Bollywood stars Abhishek Bachchan and his wife, Aishwarya Rai Bachchan, have sued YouTube regarding its AI training policy. The couple asked the judge to remove and prohibit the creation of AI videos infringing their intellectual property rights.
The couple want Google to have safeguards to ensure that such YouTube videos uploaded anyway don’t train other AI platforms.
The couple argues in their filings that if AI platforms are trained on biased content that negatively portrays them and infringes their intellectual property rights, then AI models are likely to learn and disseminate such untrue information.
In response to the lawsuit, the judge ordered the takedown of a handful of YouTube links last month, which the actors sought.
Now hundreds of AI-generated Bollywood videos with 16 million views have been deleted from Google’s YouTube because they were similar to those at the centre of a legal challenge filed by the celebrity couple to protect their rights.
The most popular video on the now-deleted channel was a video with 4.1 million views showing an AI animation of Salman Khan and Aishwarya in a swimming pool. Khan was in a relationship with Aishwarya long before she got married.
Among them were a clip showing Abhishek posing but then suddenly kissing a film actress using AI manipulation, and an AI depiction of Aishwarya and Khan enjoying a meal together, while Abhishek Bachchan fumes.
The lawsuits contain hundreds of links and posts specifically listed by the actors to be taken down, stating that they caused harm to the couple and damaged their dignity and goodwill.
The couple is seeking $450,000 in damages against Google and other little-known websites offering unauthorised merchandise with images of them. Still, some other videos similar to the examples mentioned in Abhishek’s lawsuit papers on YouTube were still online as of Friday.

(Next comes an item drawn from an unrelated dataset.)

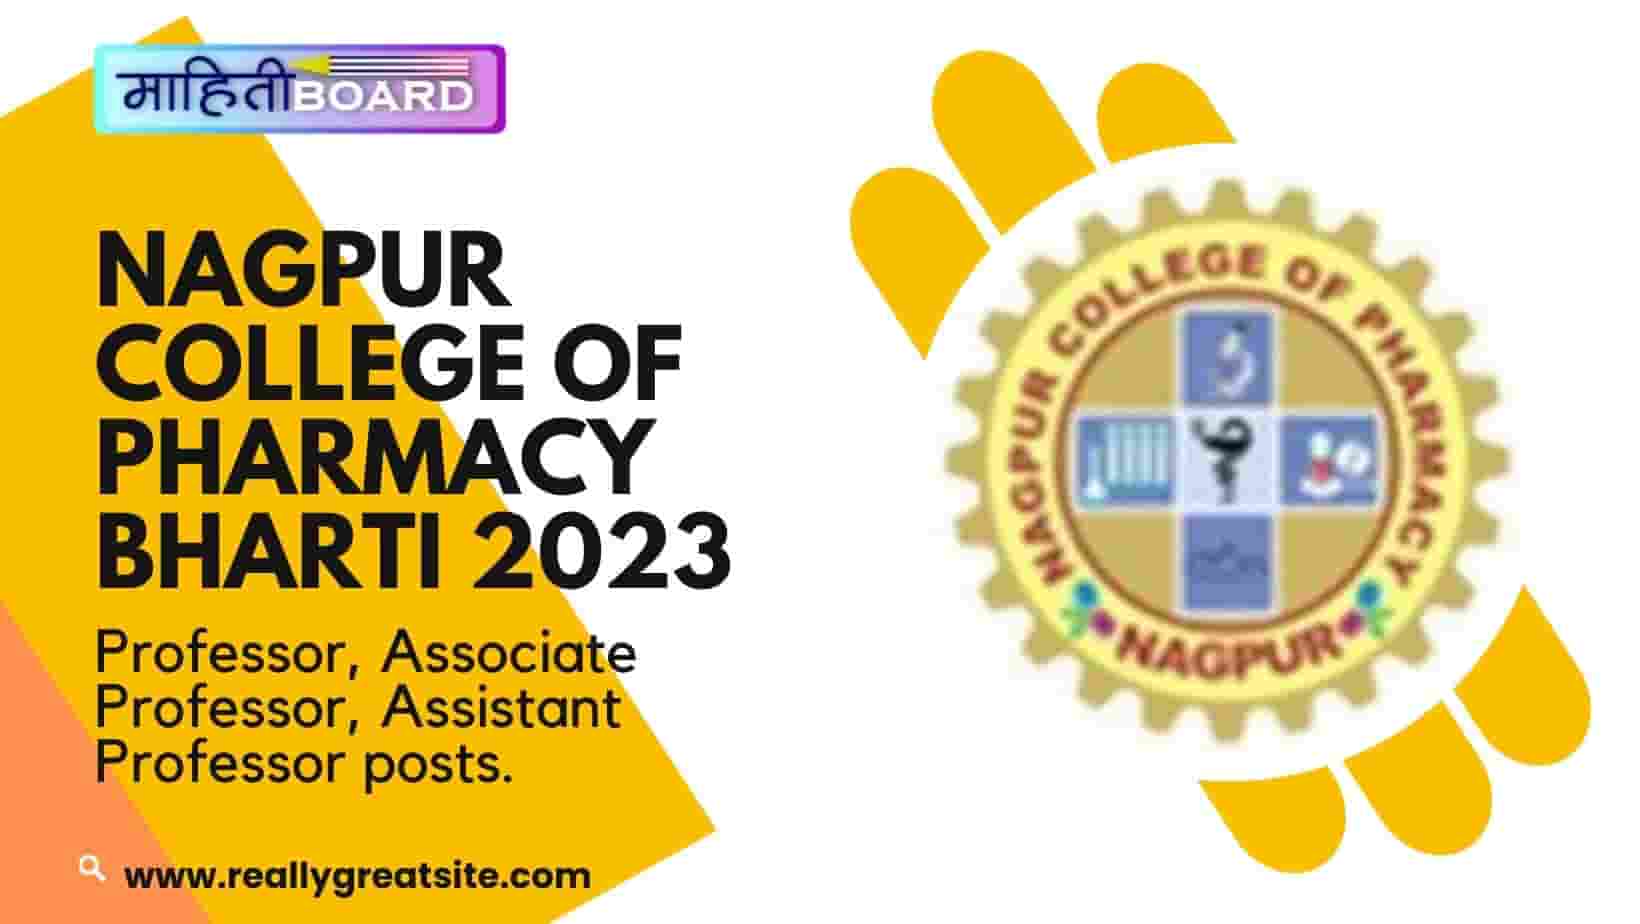 Nagpur College Of Pharmacy Bharti 2023

India is YouTube’s largest market globally, and it is popular for entertainment content, such as Bollywood videos. It has around 600 million users. In May, YouTube disclosed that it had paid more than $2.4 billion to Indian creators over the last three years. Therefore, creators infringing on their personality rights can make money when videos become popular.
The actors argue that YouTube’s content and third-party training policies are concerning, as they allow users to consent to sharing a video they created to train a rival AI model, thereby risking the further proliferation of misleading content online.
The filings read, “Such content being used to train AI models has the potential to multiply the instances of use of any infringing content, i.e. first being uploaded on YouTube, being viewed by the public and then also being used to train.”
YouTube said that the creator deleted the channel mentioned in the news agency’s report. The company said that it only prohibits harmful misinformation and removes content that has been technically manipulated or doctored in a way that misleads users.
YouTube’s data-sharing policy states that creators can opt in to share their videos for training models of other AI platforms, such as OpenAI, Meta, and xAI. YouTube added, “We can’t control what a third-party company does” if users share videos for such training purposes.
In one of the tutorials, the illegal channel explains that it used simple text prompts to create an image via xAI’s Grok and then turned it into a video using Chinese AI startup Minimax’s Hailuo. This comes after the US reports on AI. The US dubbed China’s AI dangerous because it can be easily manipulated.